Mientras la Colombia profunda se debate entre la indignación y la indiferencia por los impuestos al Chocorramo, en las esferas tecnocráticas los economistas de salón discuten con regla y compás los aciertos y desafueros de la primera tributaria del petrismo.
La discusión pública discrimina entre el milímetro y la pulgada y hace volar por los aires desde “papers” de Harvard hasta servilletas anónimas con preocupantes cálculos sobre el crecimiento estatal. De vez en cuando un buen chiste salva la jornada, pero en materia de contención al embate de los políticos no hay mucho que rescatar.
La instrucción universitaria adicta al índice de Gini y los cronistas de coyuntura armados con sus calculadoras de bolsillo nos tienen enfrascados en una discusión de números, en una corraleja de los datos que cumple todas las normas del ICONTEC.
Pero el debate de fondo es conceptual y no de números.
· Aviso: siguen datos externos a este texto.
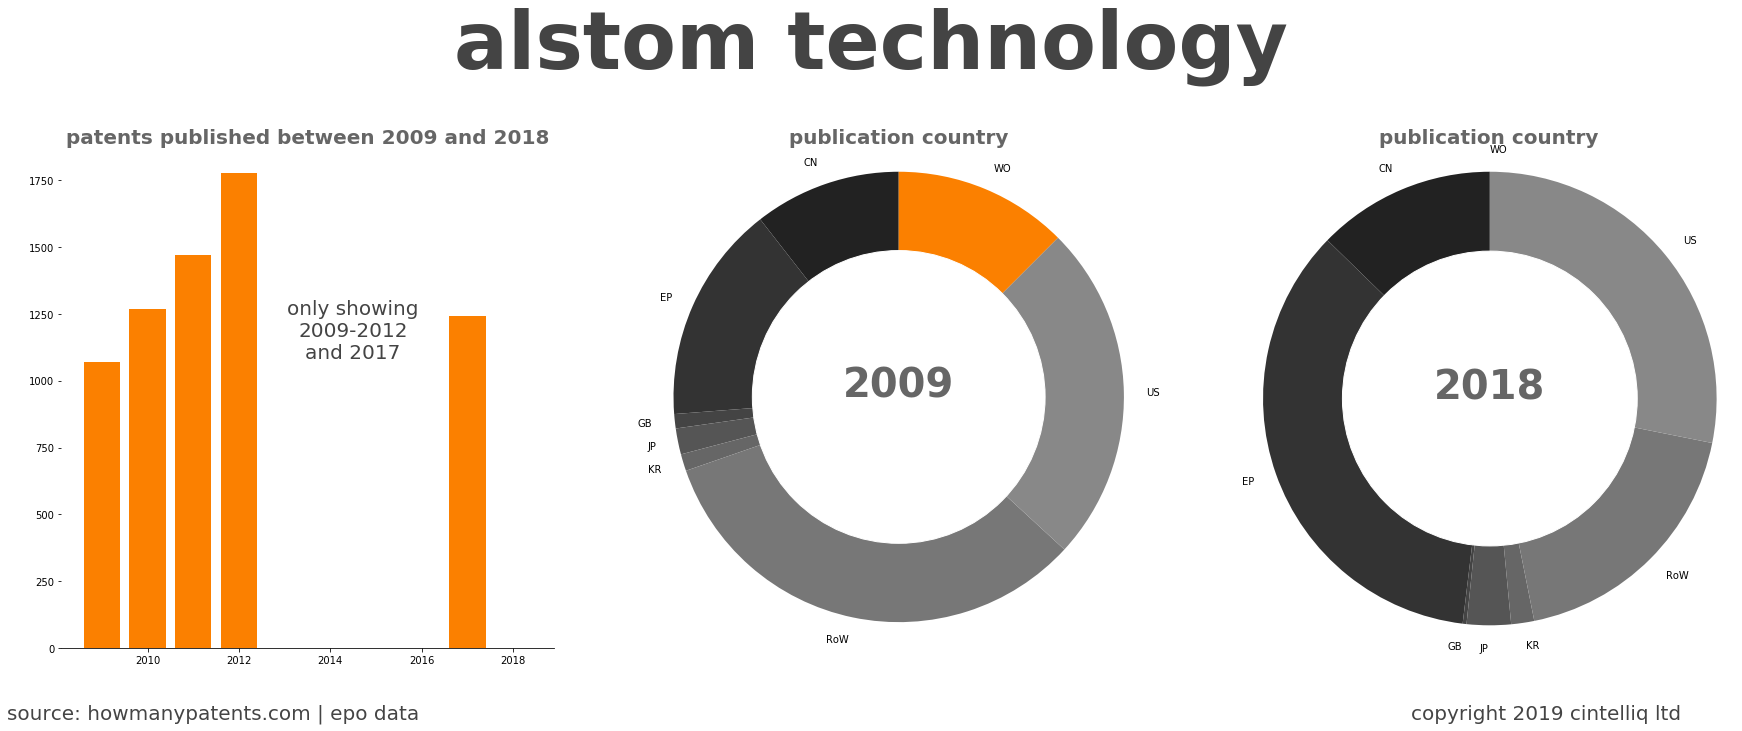 summary of patents for Alstom Technology
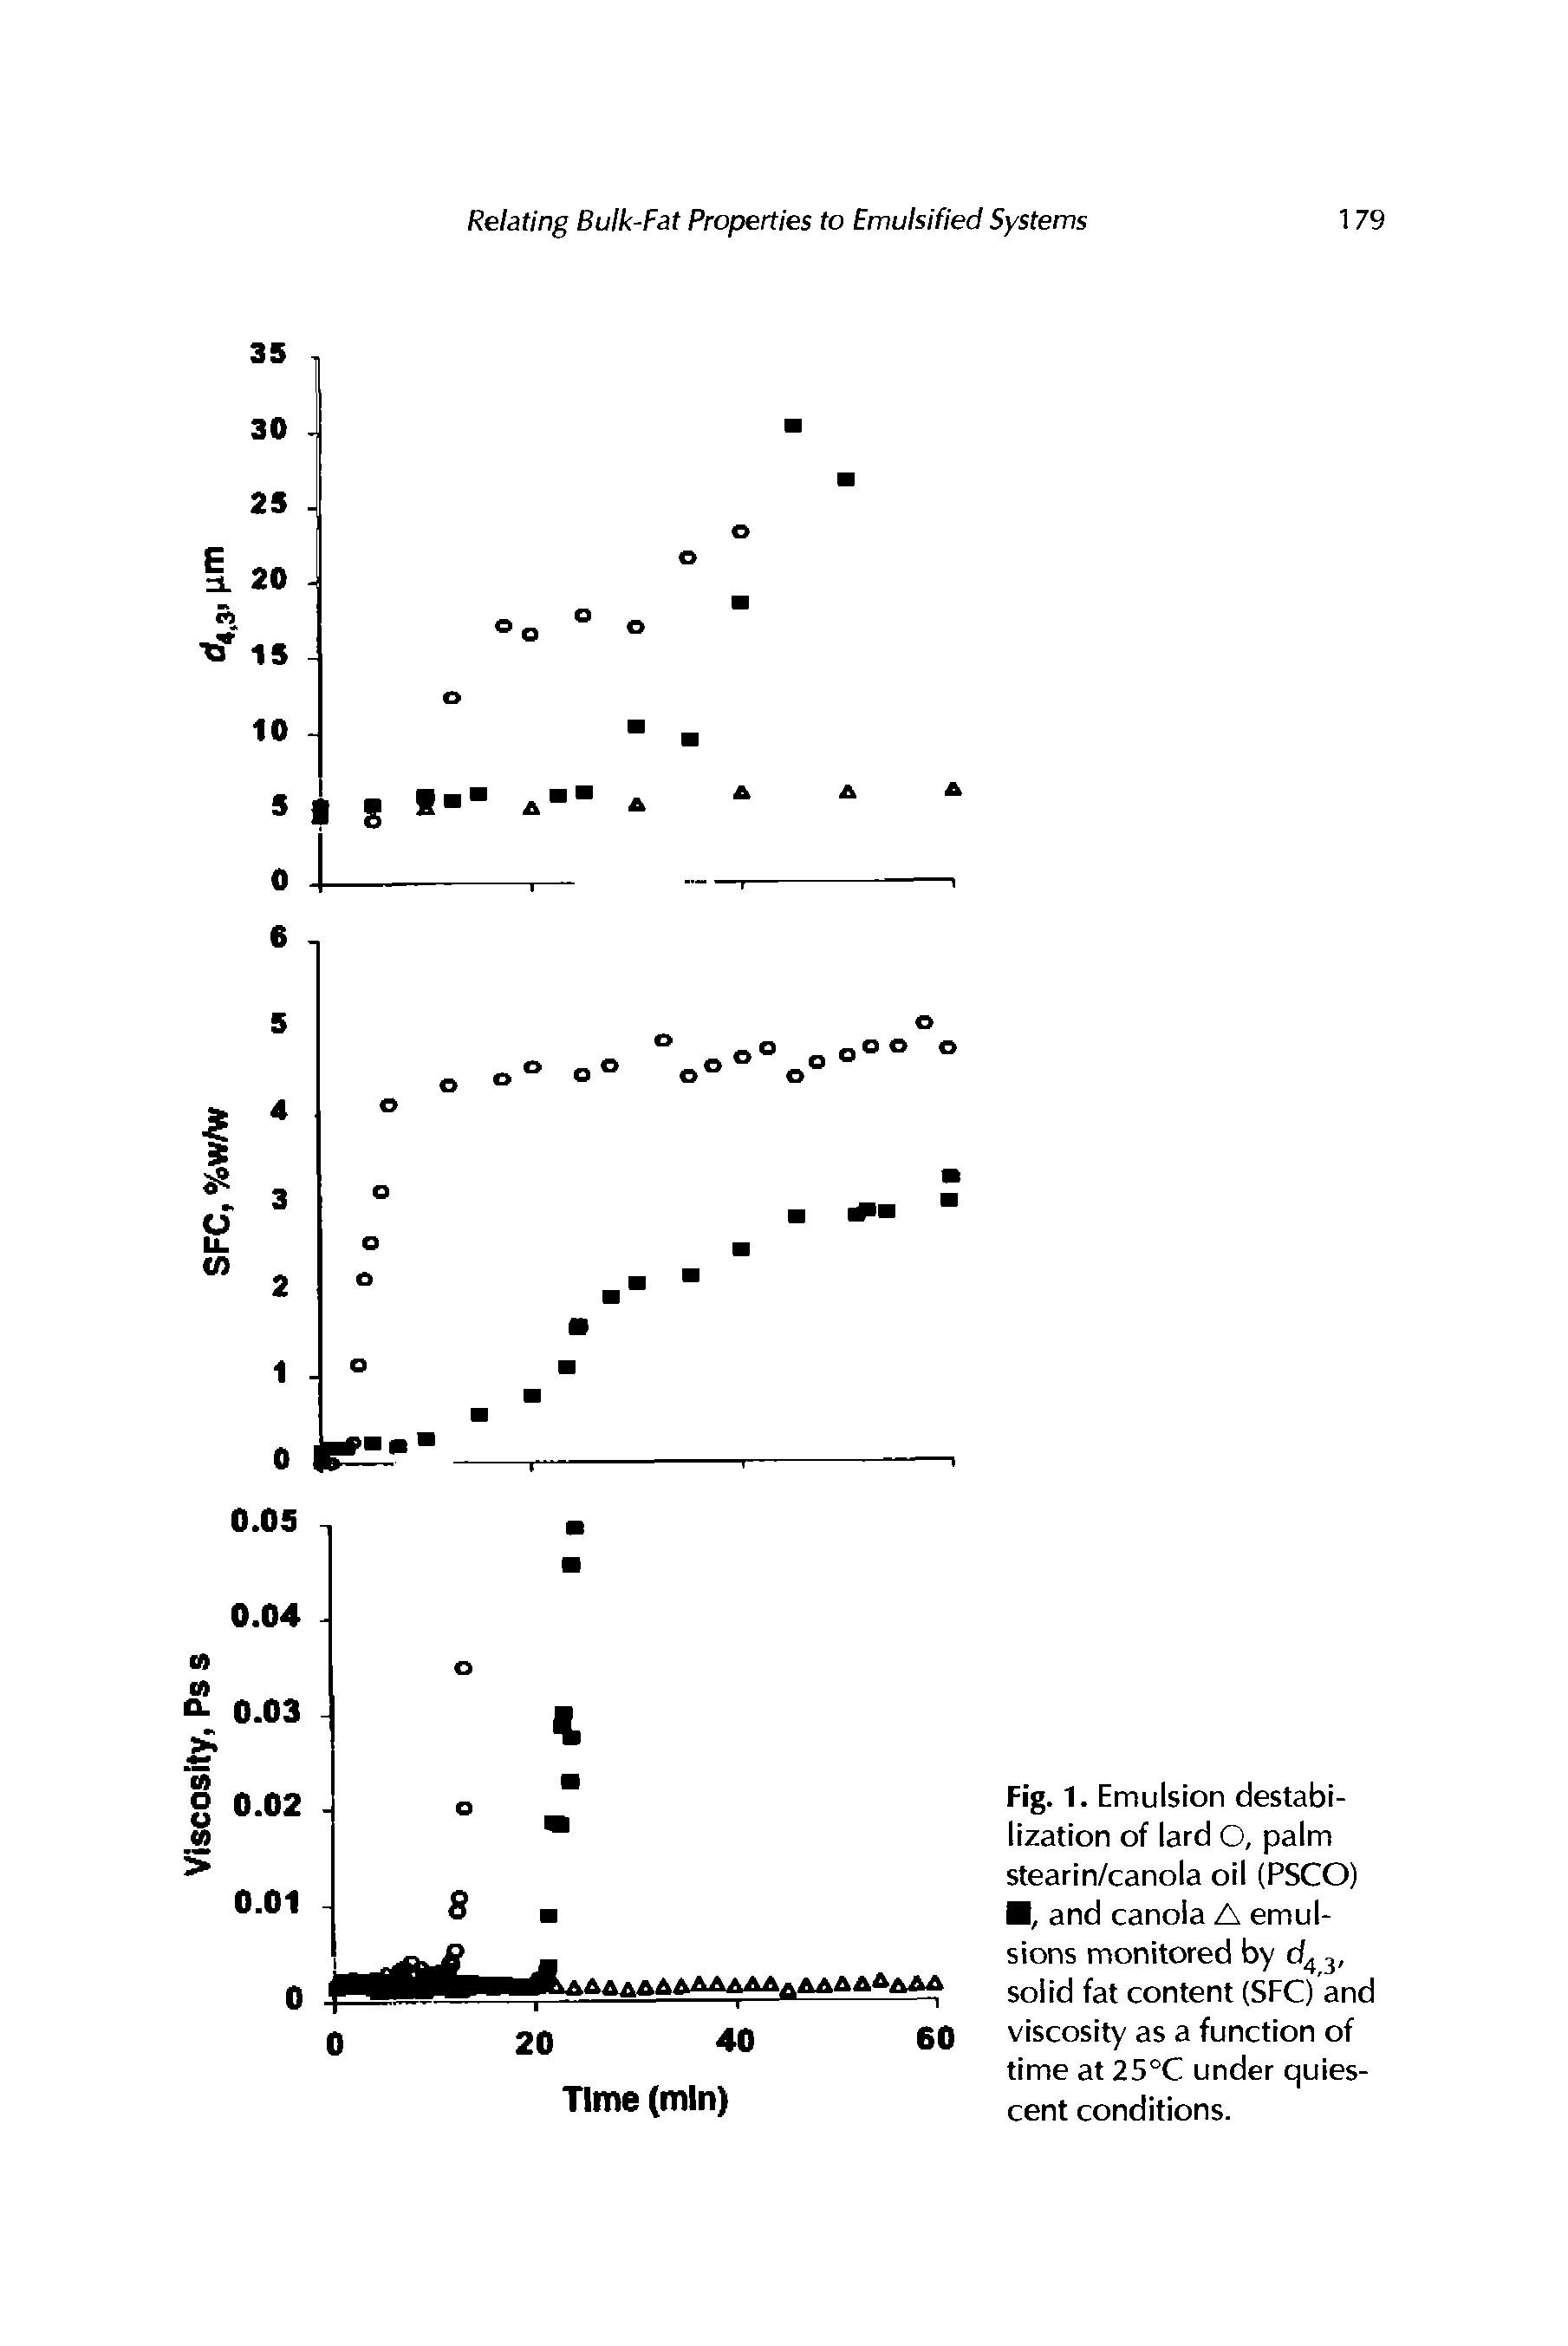 Fig. 1. Emulsion destabilization of lard O, palm stearin/canola oil (PSCO) , and canola A emulsions monitored b y 3, solid fat content (SFC) and viscosity as a function of time at 25°C under quiescent conditions.

El problema, más que las propuestas concretas del petrismo, son sus ideas generales; las cuales se exhiben con orgullo por todas partes y de las que nace un actuar injusto en nombre de la justicia.
Ideas que nos conviene aprender a refutar si queremos poseer verdaderas herramientas de control político y tener algún chance de defender la libertad individual y el patrimonio personal. La demolición intelectual de las bases filosóficas del actual gobierno es la mejor manera de ponerlo en aprietos y es la única estrategia de largo plazo para salir del camino de servidumbre que ya estamos recorriendo junto con Chile y con Argentina.
La primera mala idea es la lucha contra la diferencia. La lucha contra la diferencia requiere de la corrupción del lenguaje para ser exitosa y empieza con un término inventado para corromper el pensamiento. Si uno lo piensa detenidamente hay algo raro en el término “desigual”, pues el verdadero antónimo de igual es diferente.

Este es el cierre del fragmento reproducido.